Would you repeat word for word the lines of the listing that follows, from the one with "Bluetooth Beanie Hat Review (Thumbnail)" up to and including the one with "Mehron Makeup CreamBlend", and leave out the images?

=== Working data ===
- - -

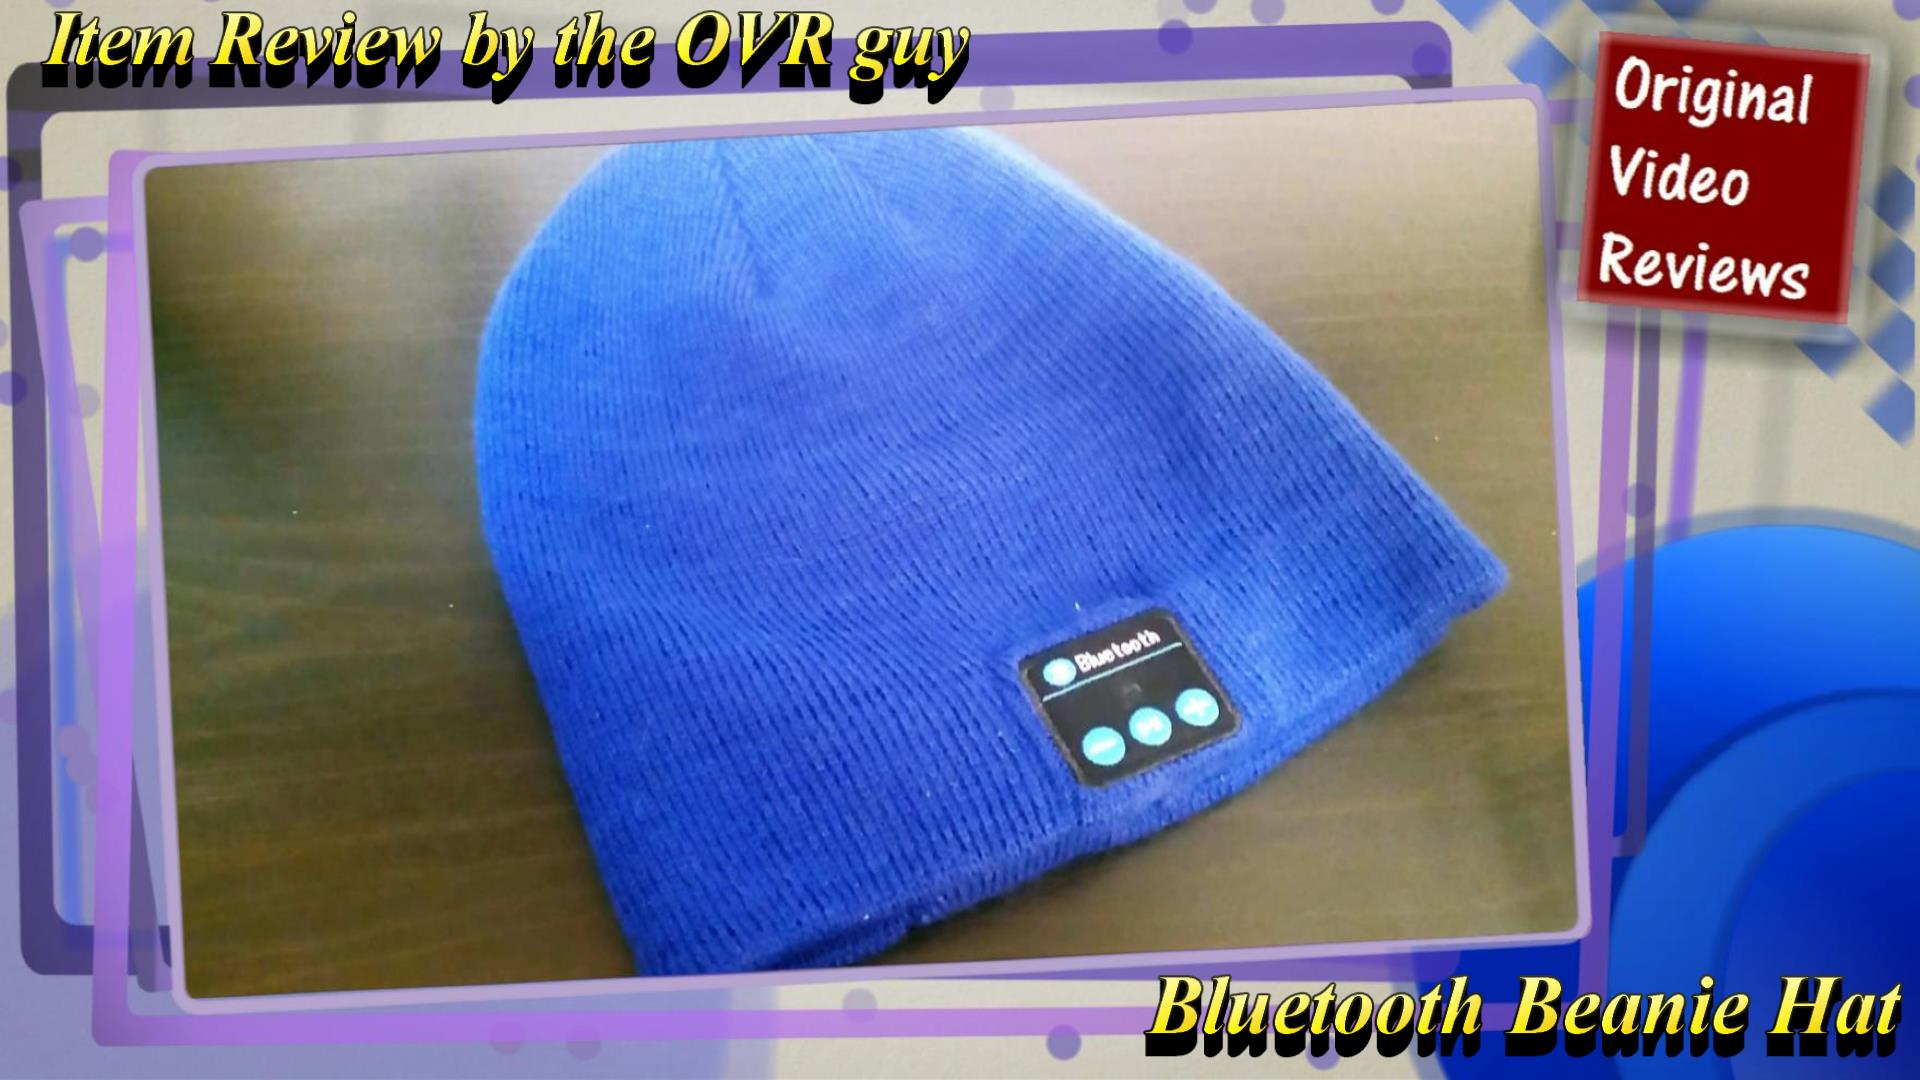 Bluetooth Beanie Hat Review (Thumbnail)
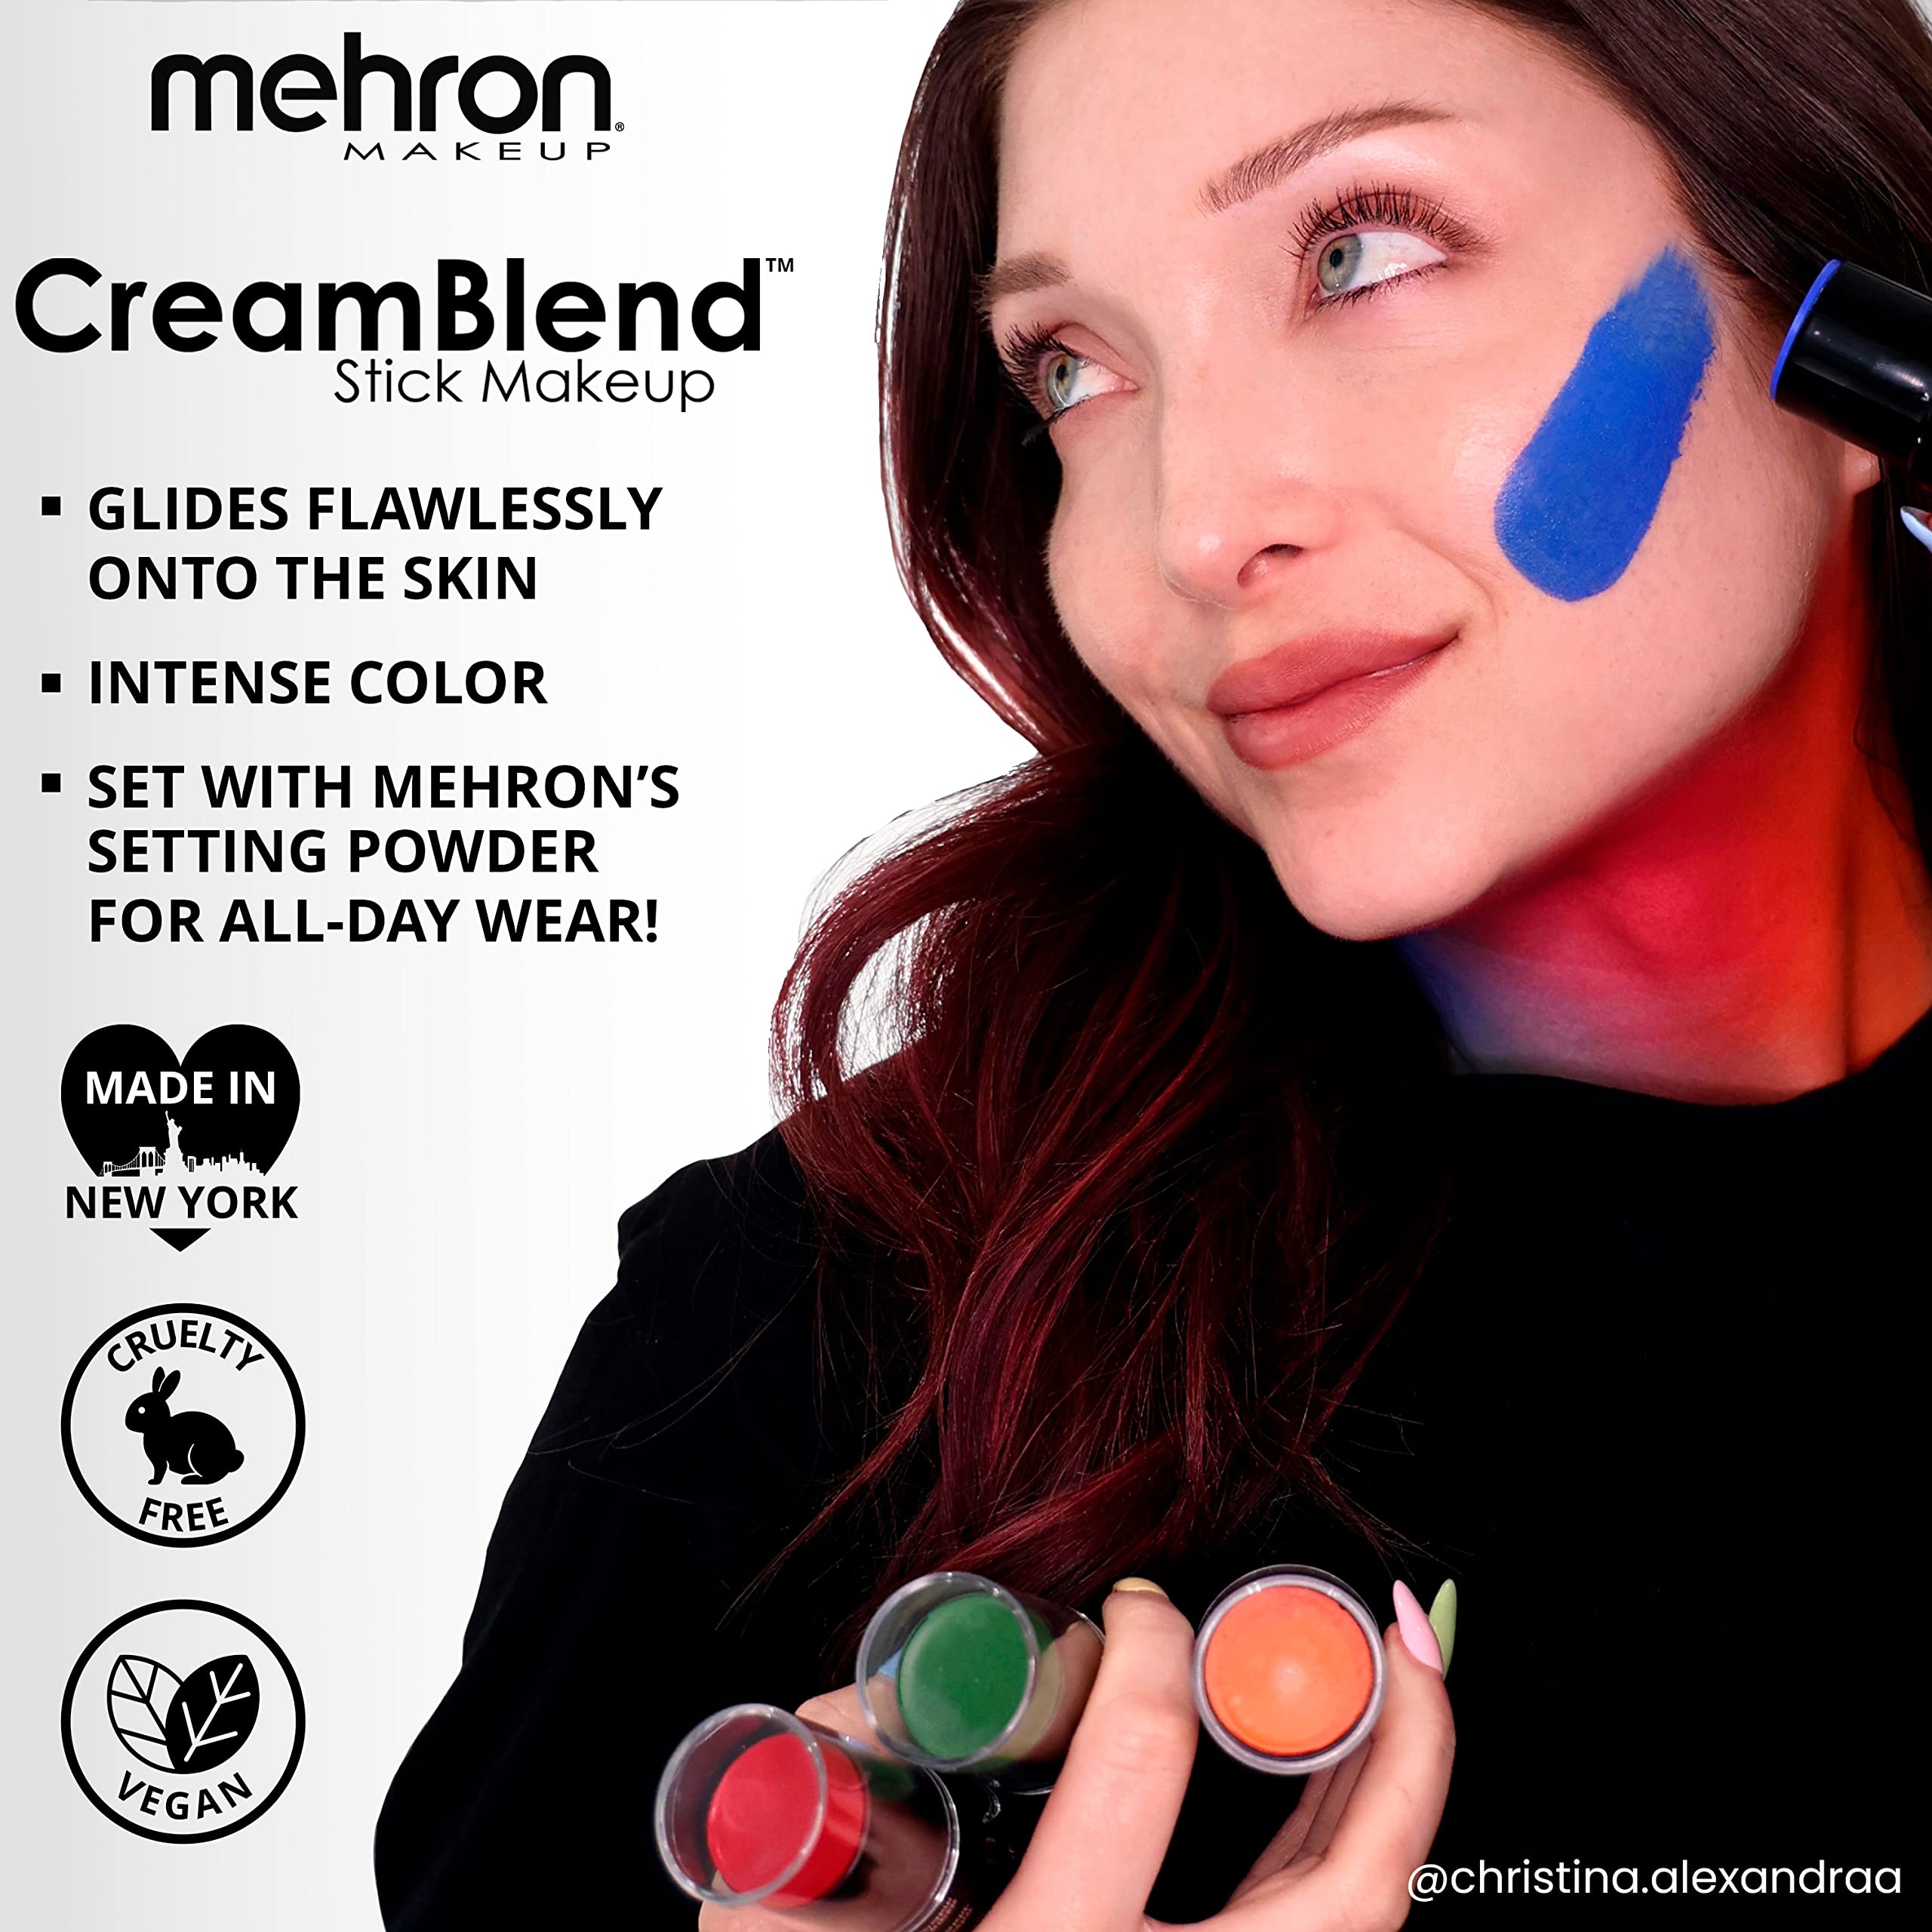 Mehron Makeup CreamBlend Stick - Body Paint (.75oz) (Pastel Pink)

- - -

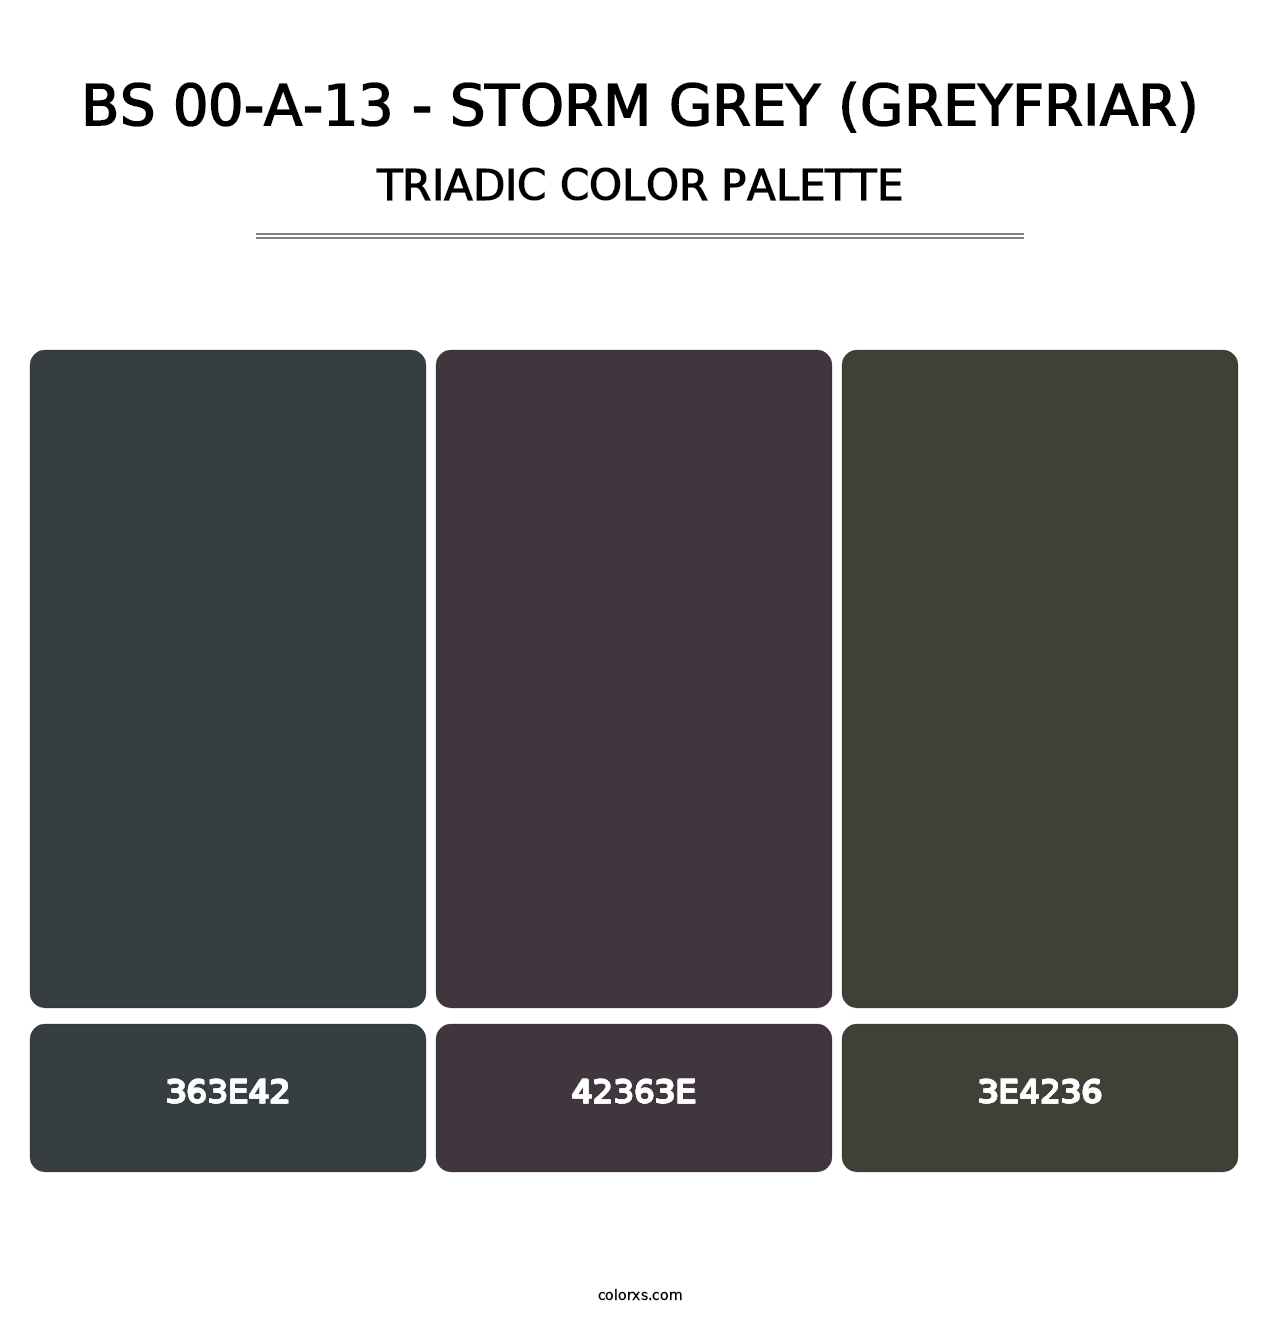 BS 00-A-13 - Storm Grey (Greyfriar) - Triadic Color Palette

- - -

=== Your solution ===
 Bluetooth Beanie Hat Review (Thumbnail)
 Mehron Makeup CreamBlend Stick - Body Paint (.75oz) (Pastel Pink)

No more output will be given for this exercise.